La cour de cassation ne fixe pas la nature des diligences à effectuer mais a considéré que les diligences faites le premier jour ouvrable suivant le placement respectent les exigences légales rappelé que l'administration n'a pas de pouvoir de contrainte sur les autorités consulaires en application du principe de souveraineté des Etats, en sorte que l'absence de réponse suite à la saisine ne saurait être reprochée à l'administration et qu'il n'y a pas lieu de vérifier les diligences éventuelles postérieures à la saisine du consulat (pourvoi n° 09-12.165).
Ainsi qu'il a été rappelé ci dessus, la préfecture a effectué les diligences et obtenu un laissez passer pendant la première période de prolongation.
Le moyen n'étant pas fondé et les conditions de la seconde prolongation étant réunies au regard des dispositions de l'article L.742-4 du CESEDA, il convient de confirmer la décision.
PAR CES MOTIFS,
DÉCLARONS l'appel recevable,
CONFIRMONS l'ordonnance du juge des libertés et de la détention de RENNES du 4 novembre 2022,
LAISSONS les dépens à la charge du Trésor Public.

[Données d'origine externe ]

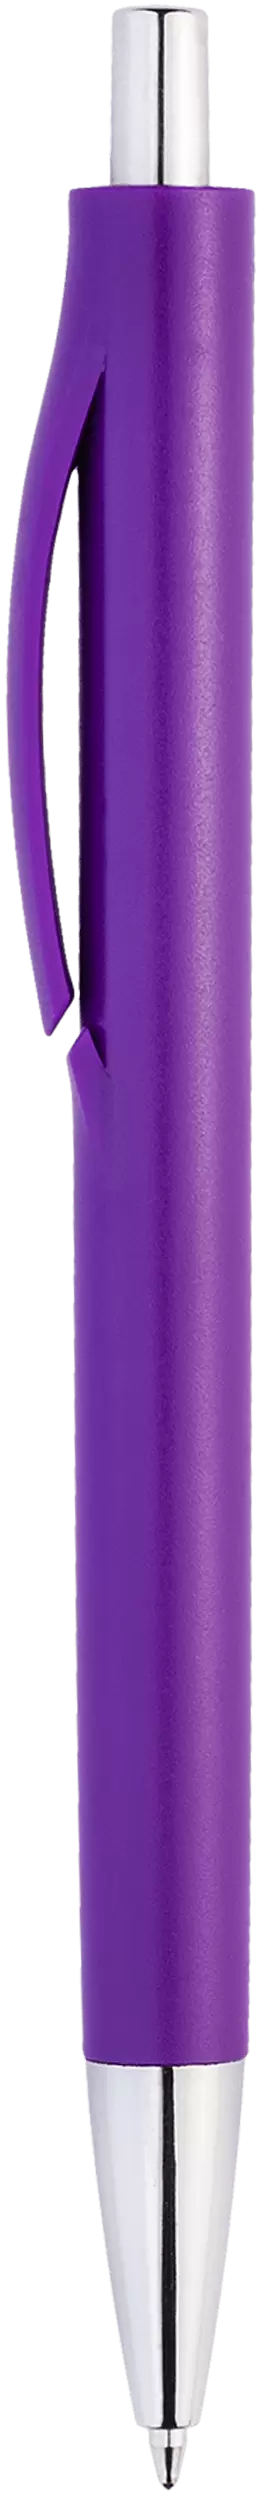 Ручка IGLA CHROME Фиолетовая 1032-11

Fait à Rennes, le 8 novembre 2022 à 16 heures 30.
LE GREFFIER, PAR DÉLÉGATION,
LE CONSEILLER,
Notification de la présente ordonnance a été faite ce jour à M. [I] [S] [L] [N] alias [C] [E], à son avocat et au préfet
Le Greffier,
Cette ordonnance est susceptible d'un pourvoi en cassation dans les deux mois suivant la présente notification et dans les conditions fixées par les articles 973 et suivants du code de procédure civile.
Communication de la présente ordonnance a été faite ce même jour au procureur général.